What is required: Reproduce each line below precisely. Drop the pictures.

Exercise data:

-- -- --

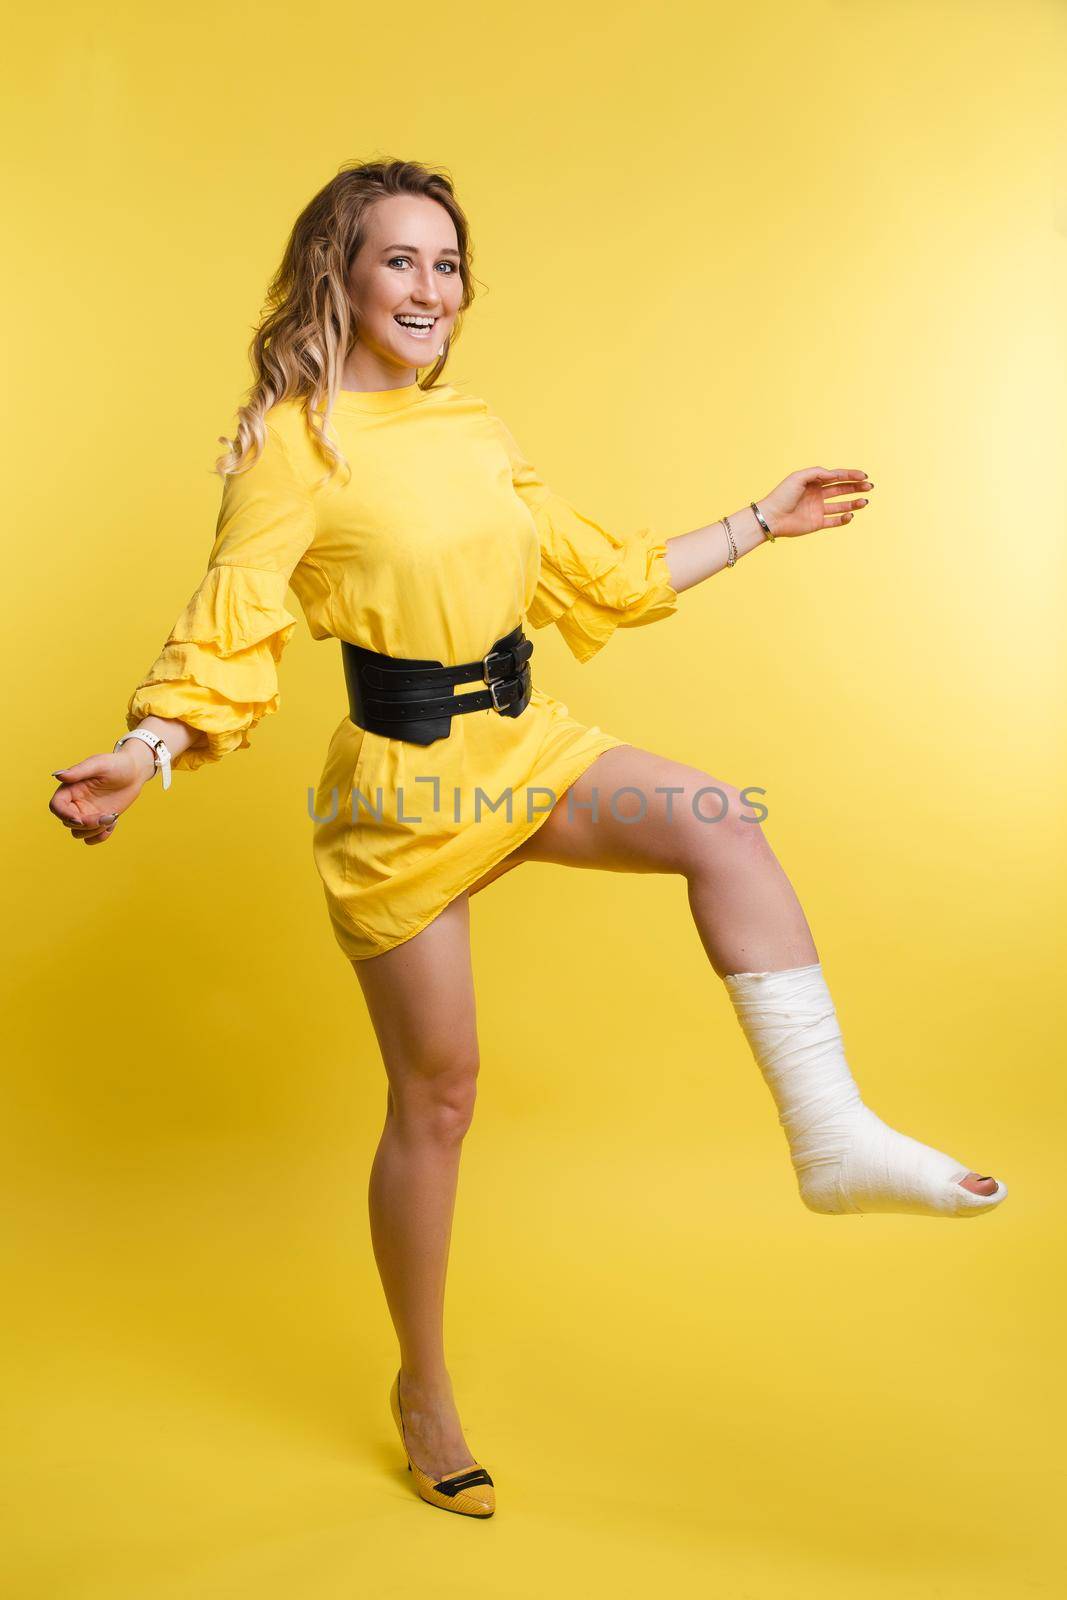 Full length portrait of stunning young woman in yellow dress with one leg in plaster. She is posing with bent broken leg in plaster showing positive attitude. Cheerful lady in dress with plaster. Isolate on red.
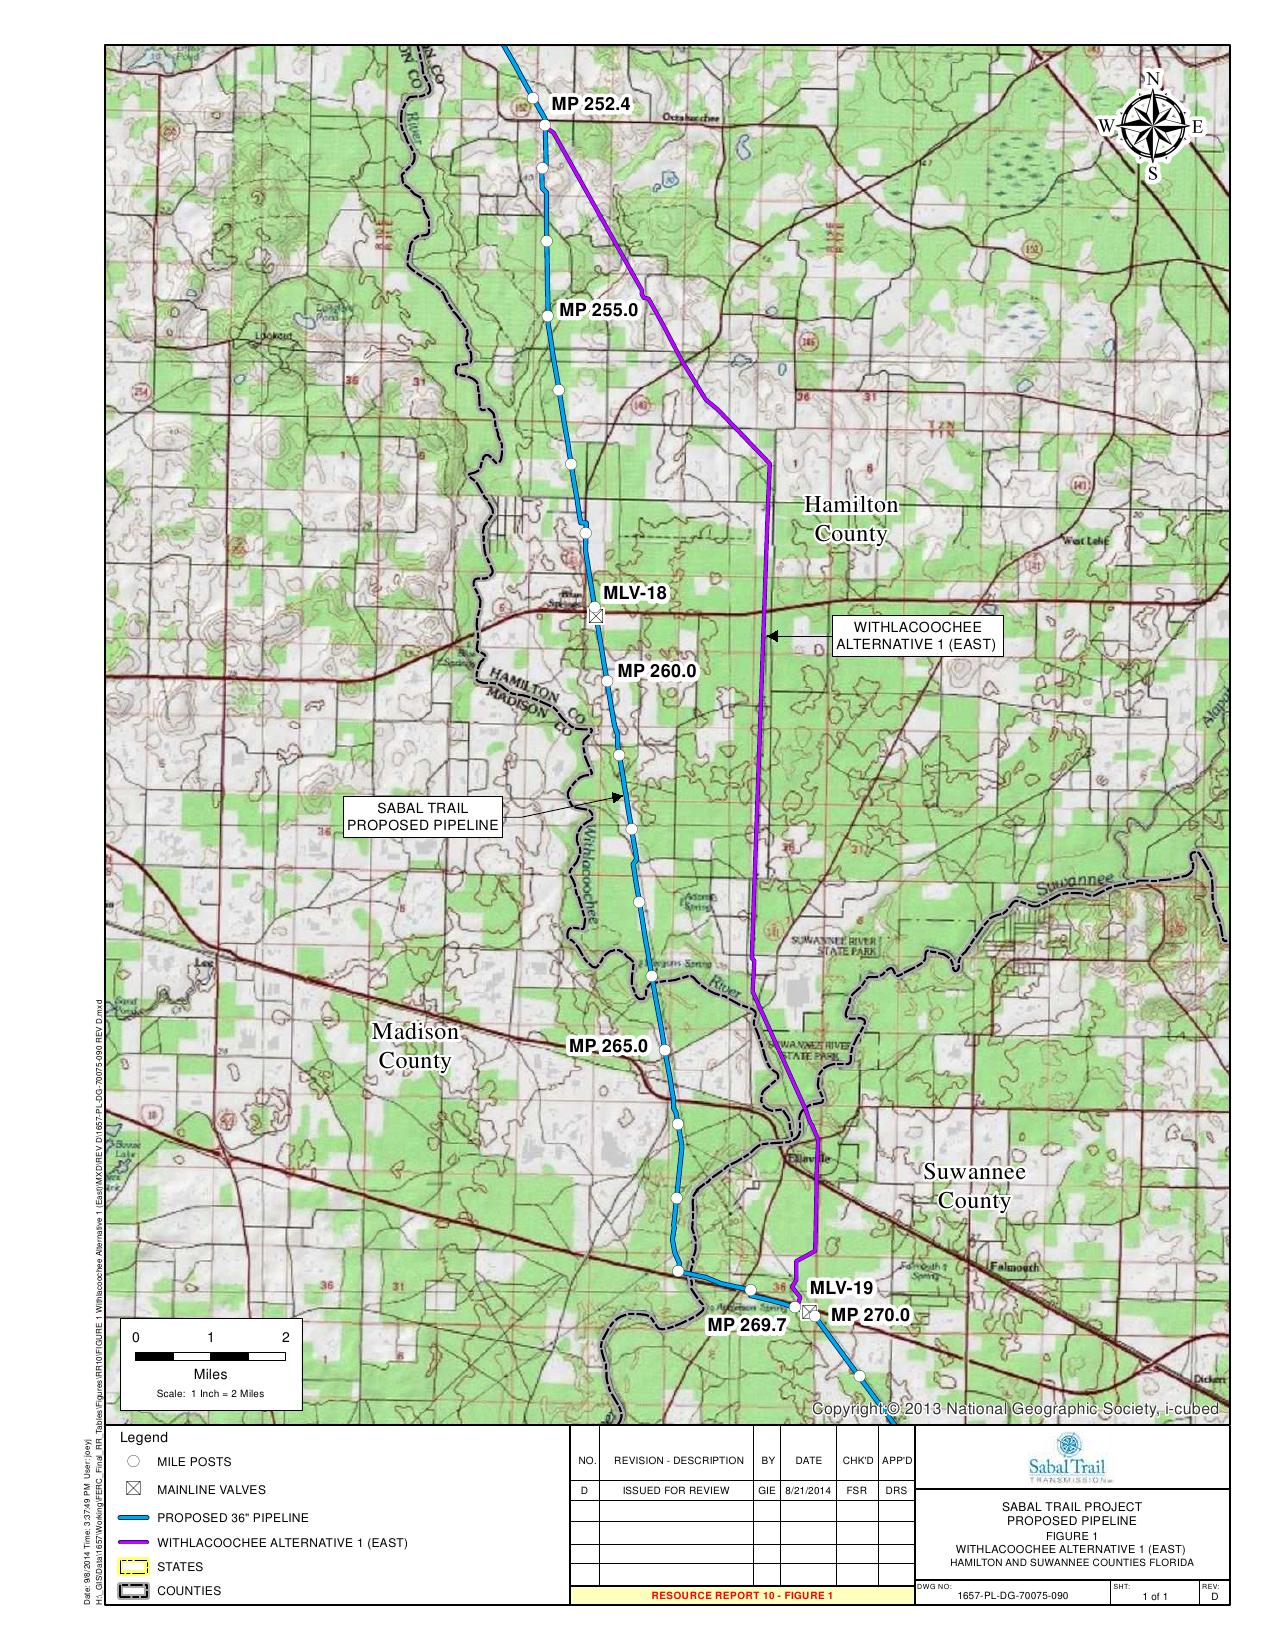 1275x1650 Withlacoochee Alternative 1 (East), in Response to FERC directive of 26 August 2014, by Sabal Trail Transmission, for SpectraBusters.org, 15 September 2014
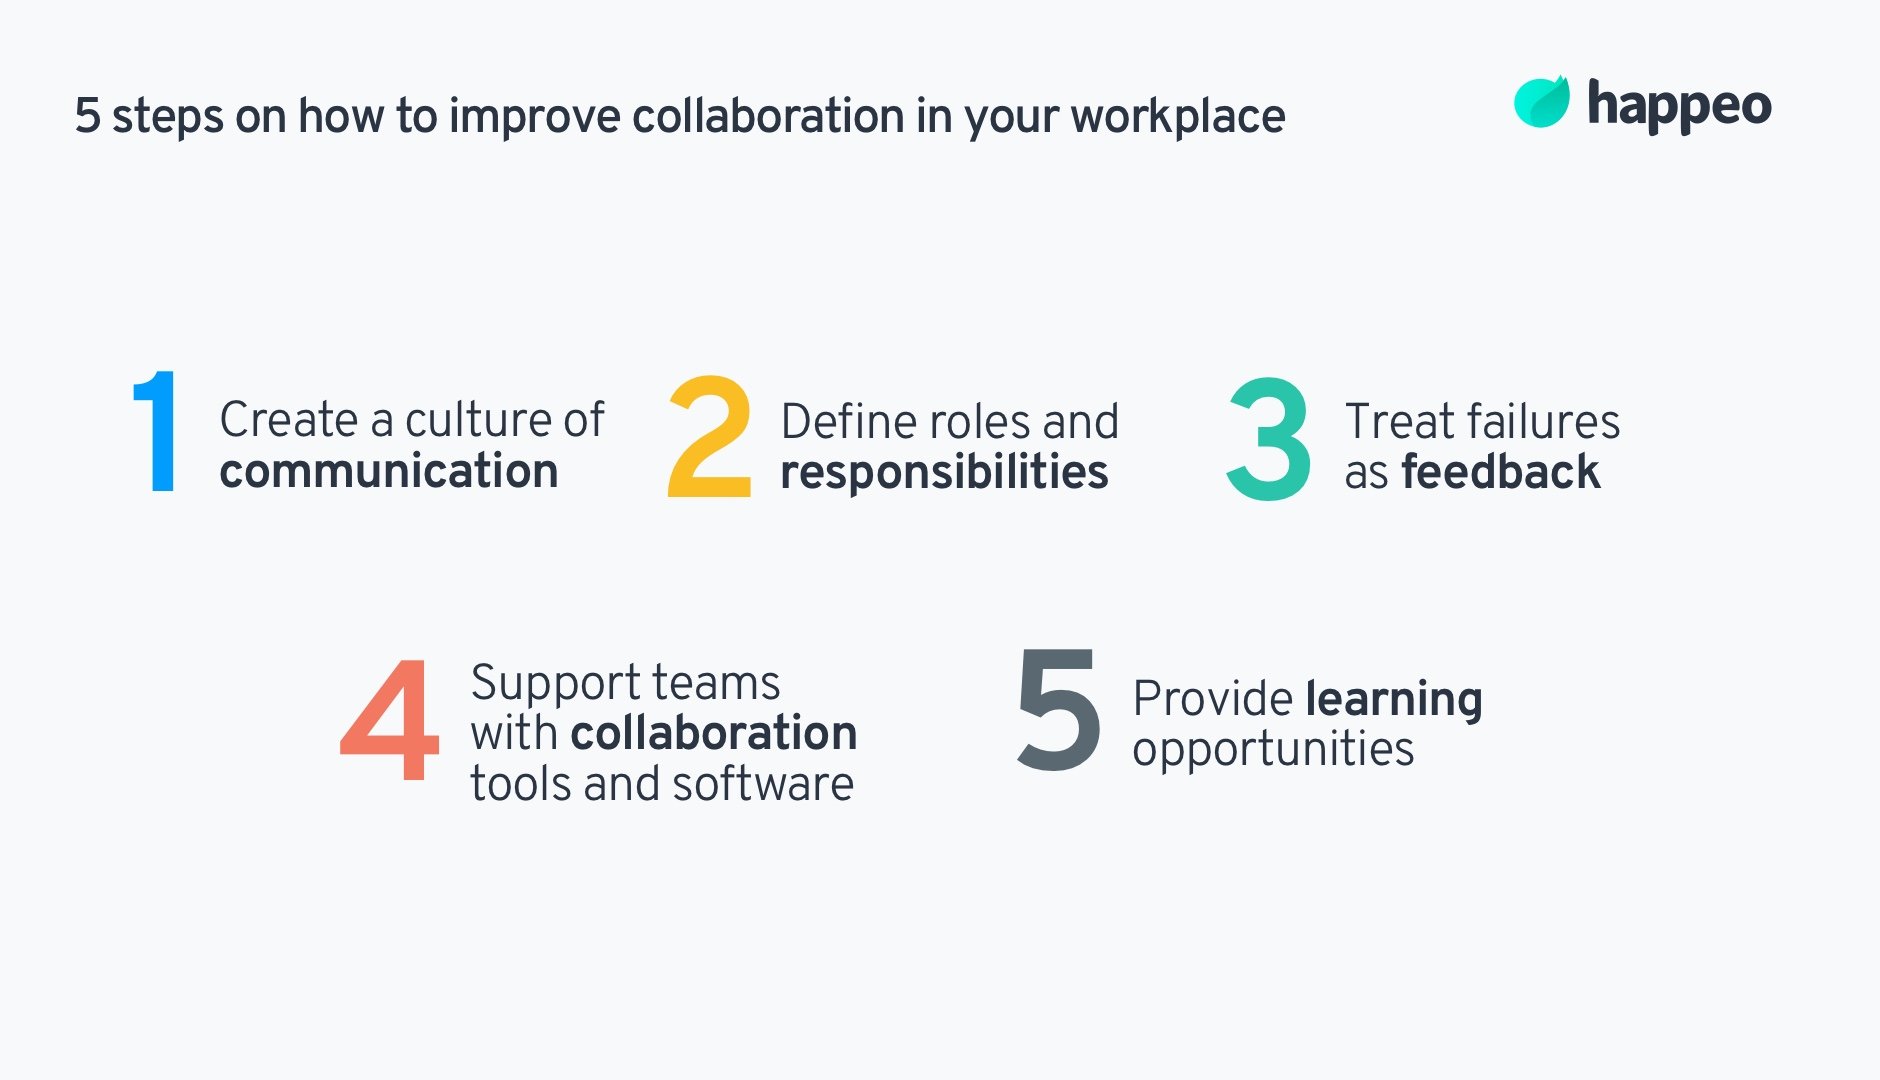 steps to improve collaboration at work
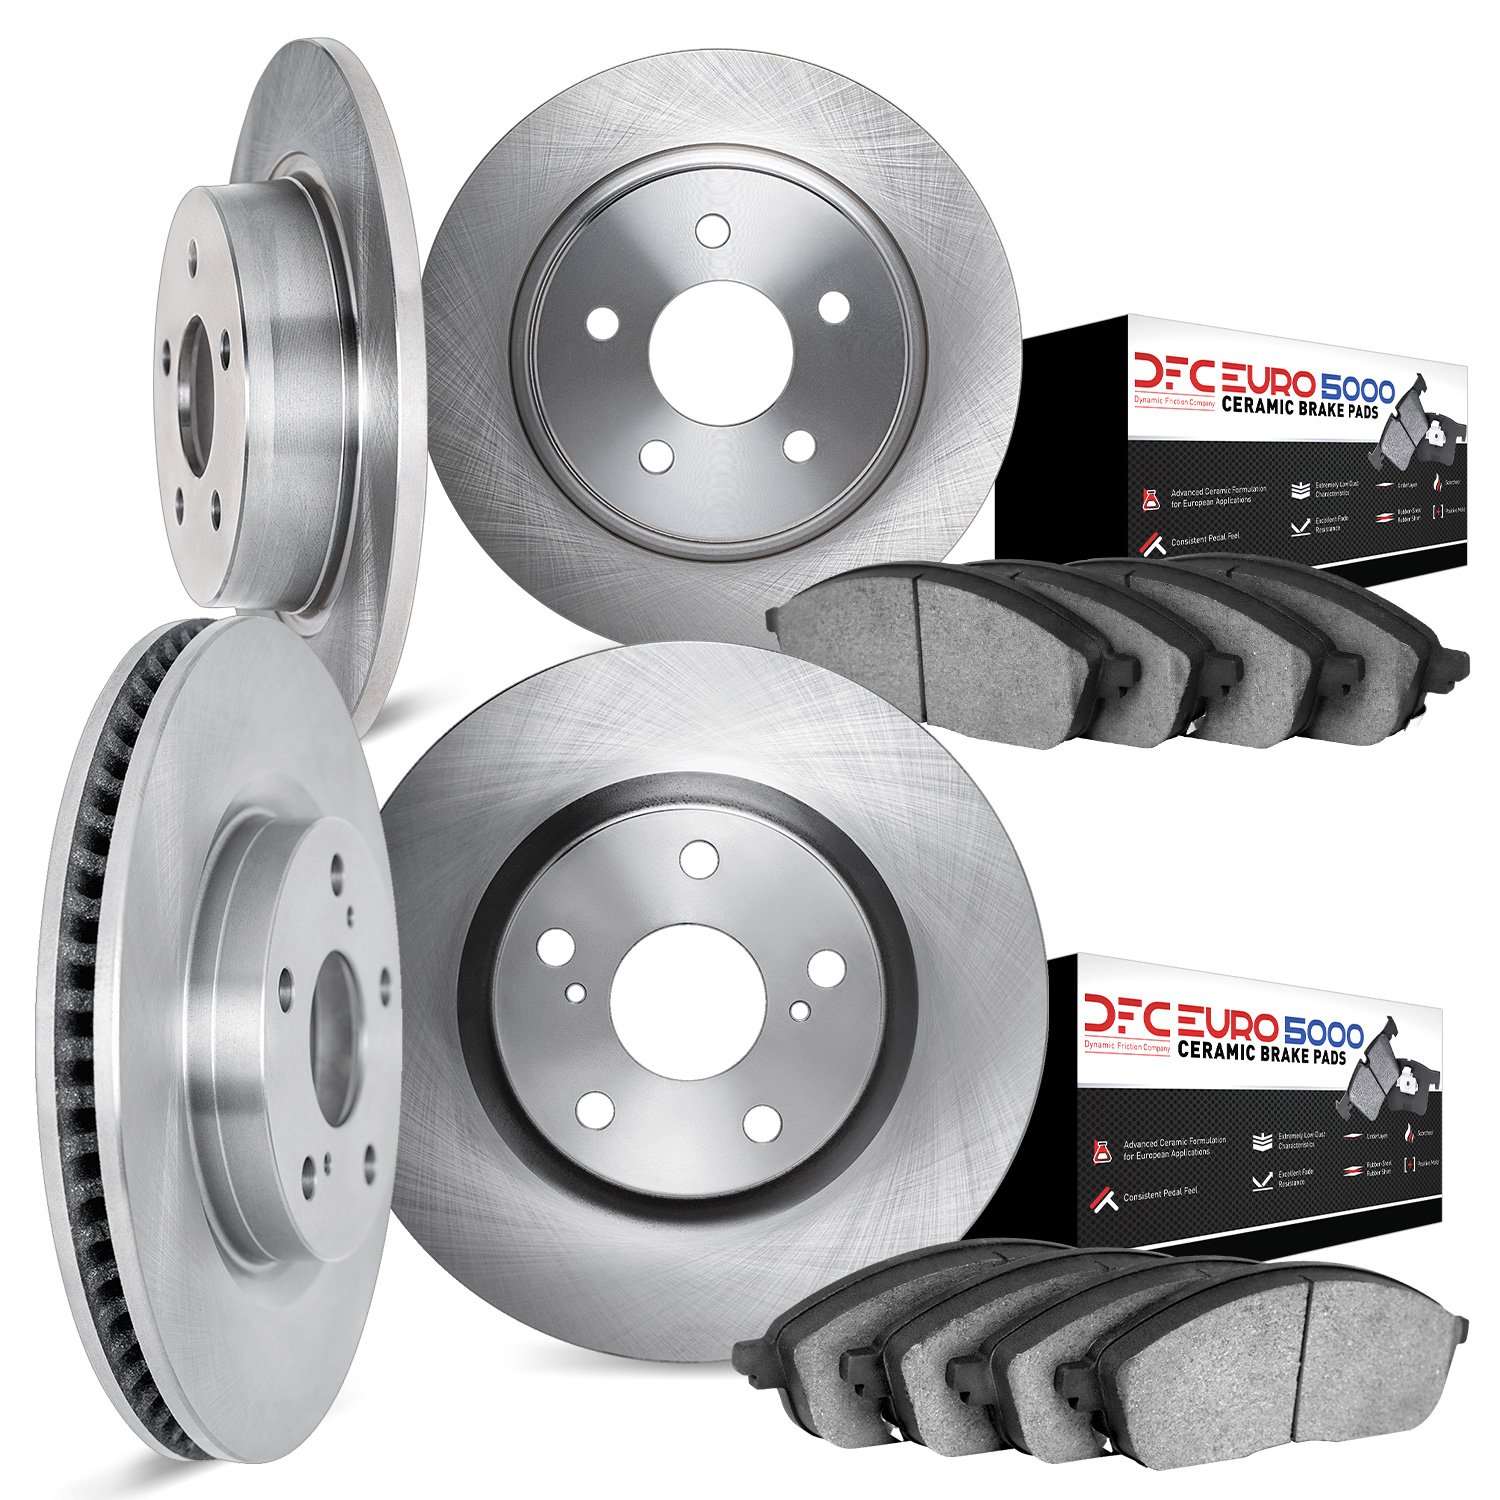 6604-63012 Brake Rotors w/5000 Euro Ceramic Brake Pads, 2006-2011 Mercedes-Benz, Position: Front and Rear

-- -- --

Output for this exercise:
 Full length portrait of stunning young woman in yellow dress with one leg in plaster. She is posing with bent broken leg in plaster showing positive attitude. Cheerful lady in dress with plaster. Isolate on red.
 1275x1650 Withlacoochee Alternative 1 (East), in Response to FERC directive of 26 August 2014, by Sabal Trail Transmission, for SpectraBusters.org, 15 September 2014
 steps to improve collaboration at work
 6604-63012 Brake Rotors w/5000 Euro Ceramic Brake Pads, 2006-2011 Mercedes-Benz, Position: Front and Rear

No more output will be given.